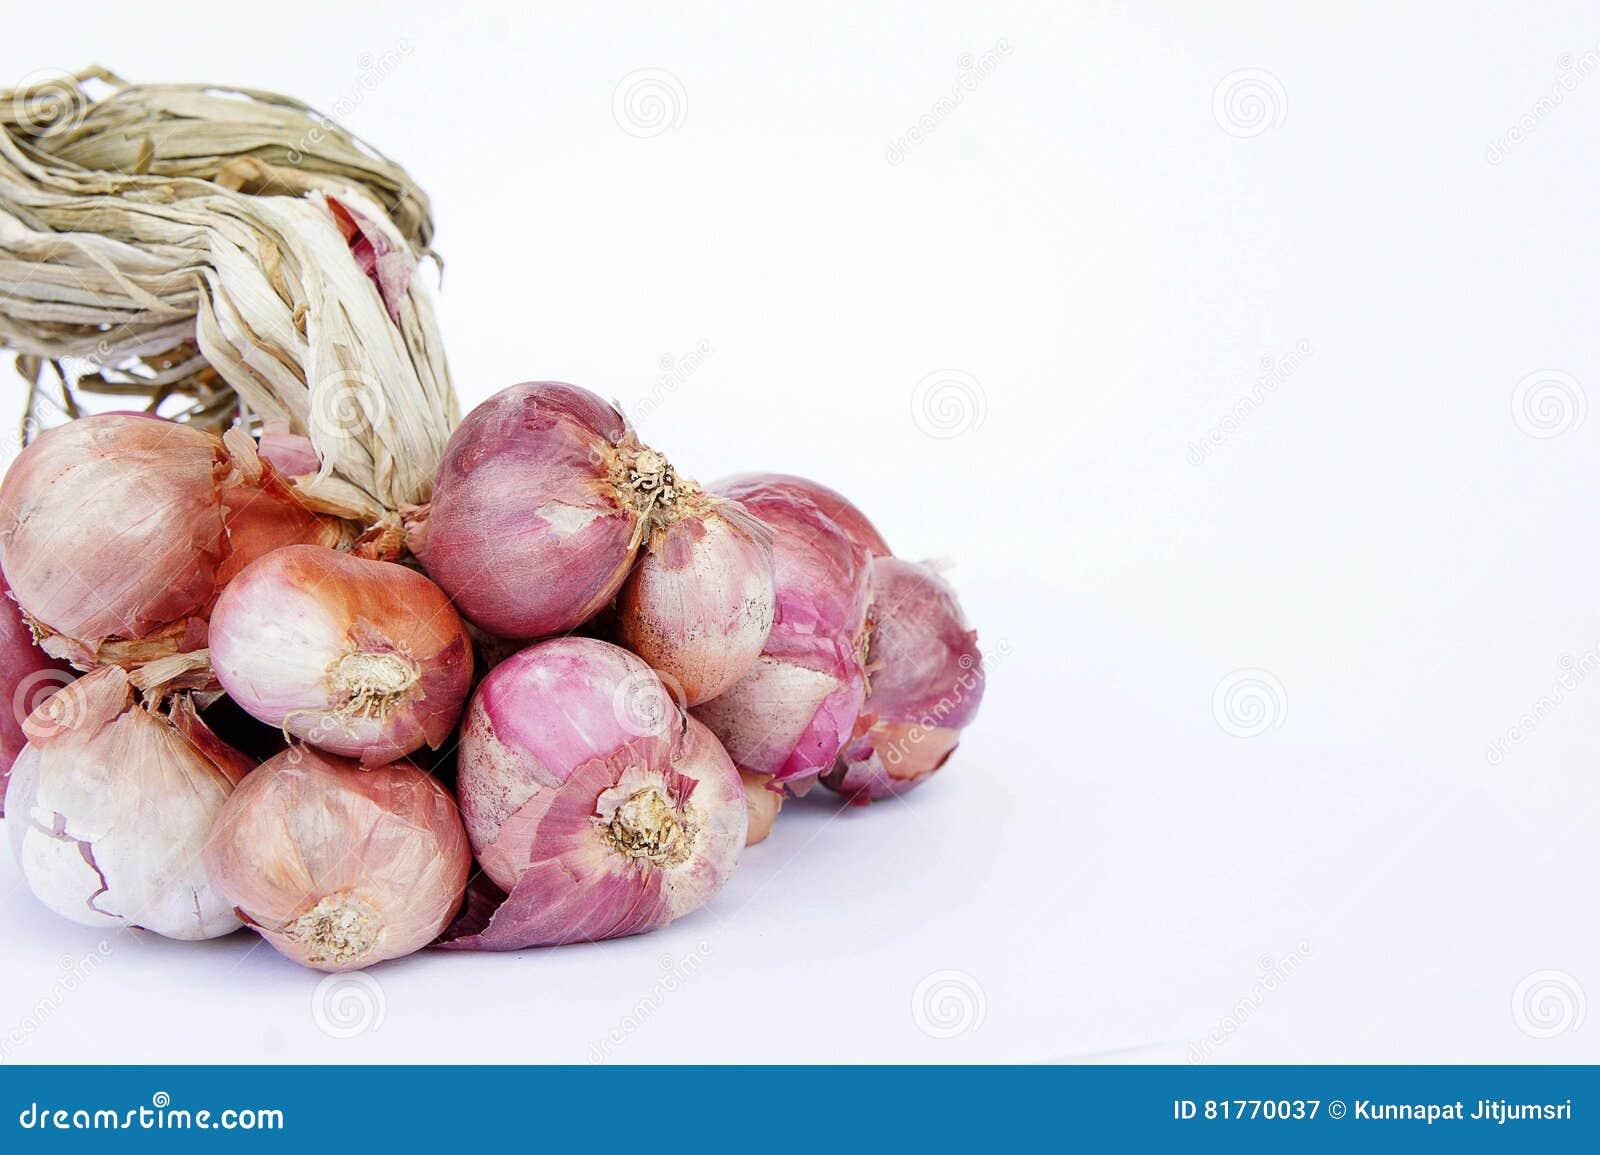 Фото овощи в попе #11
+++
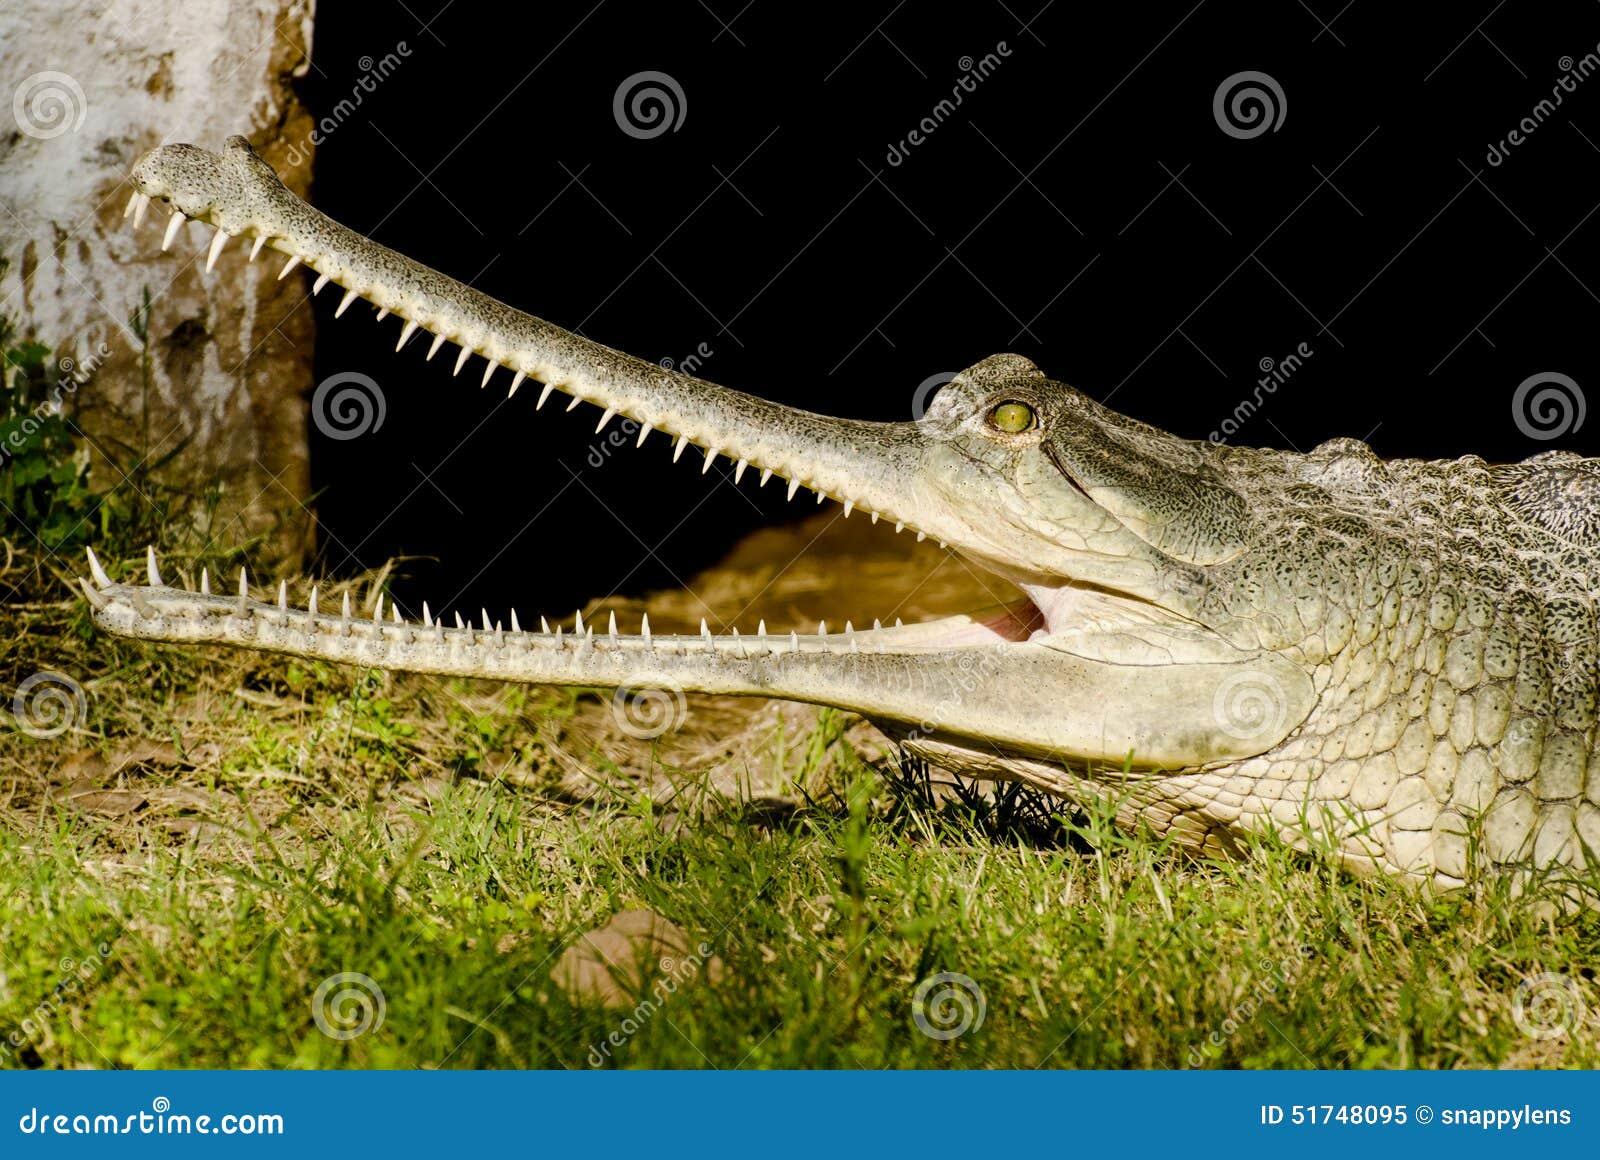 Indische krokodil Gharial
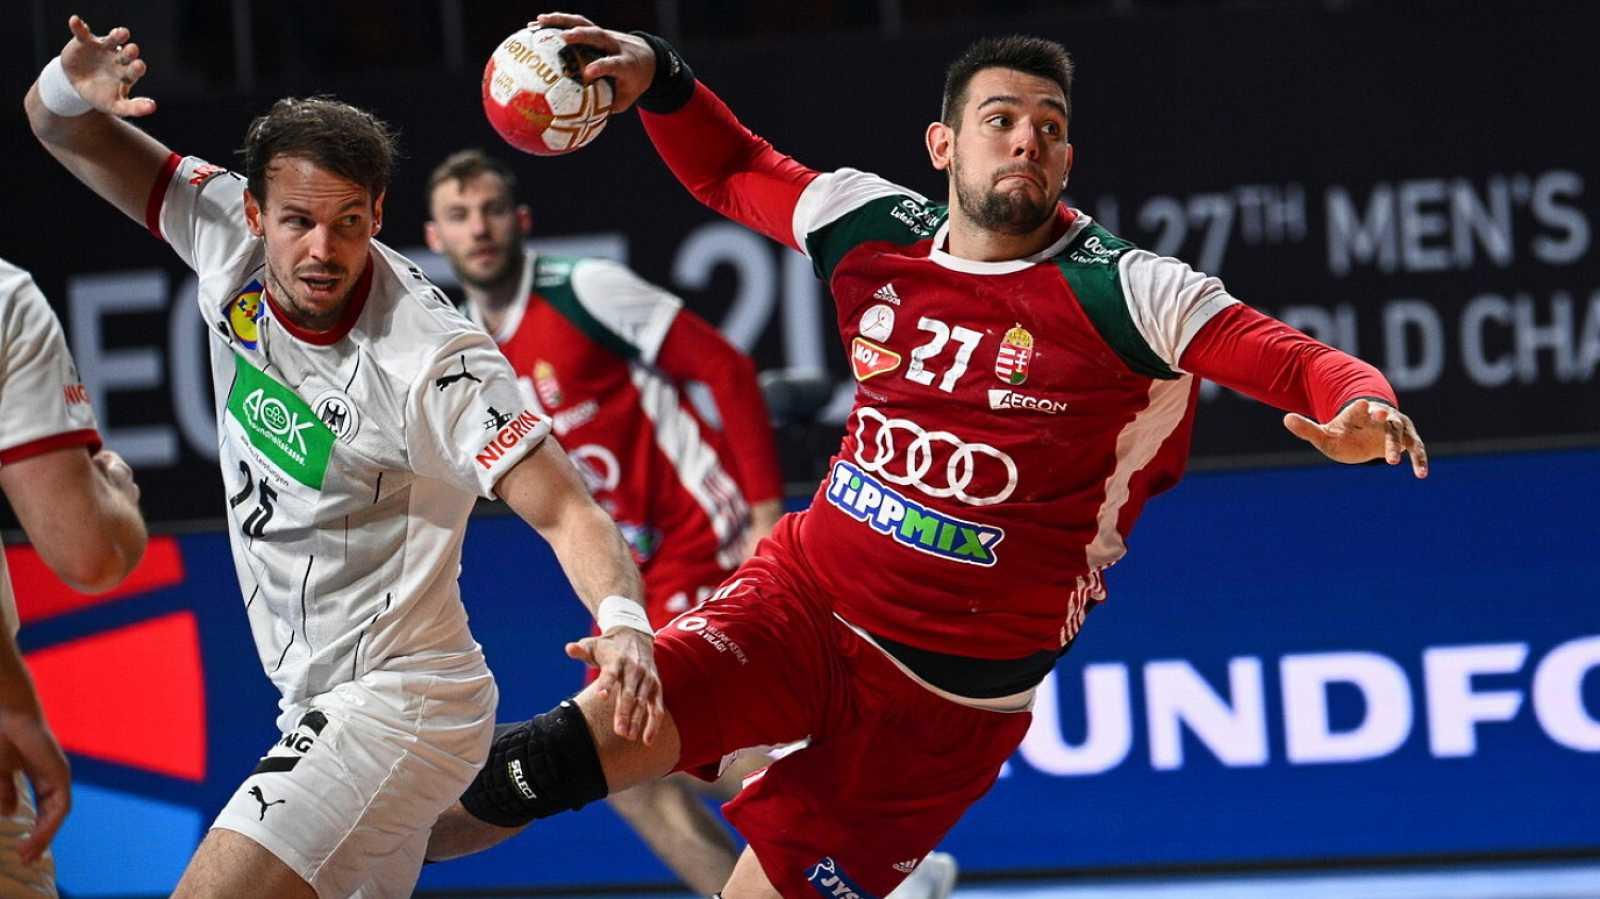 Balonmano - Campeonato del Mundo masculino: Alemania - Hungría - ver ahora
+++
- [Task directions] Once the line with "Indische krokodil Gharial" is found above, print it and every line after it through the line with "Balonmano - Campeonato", exactly. Pictures stay out.

- [Exercise response]
 Indische krokodil Gharial
 Balonmano - Campeonato del Mundo masculino: Alemania - Hungría - ver ahora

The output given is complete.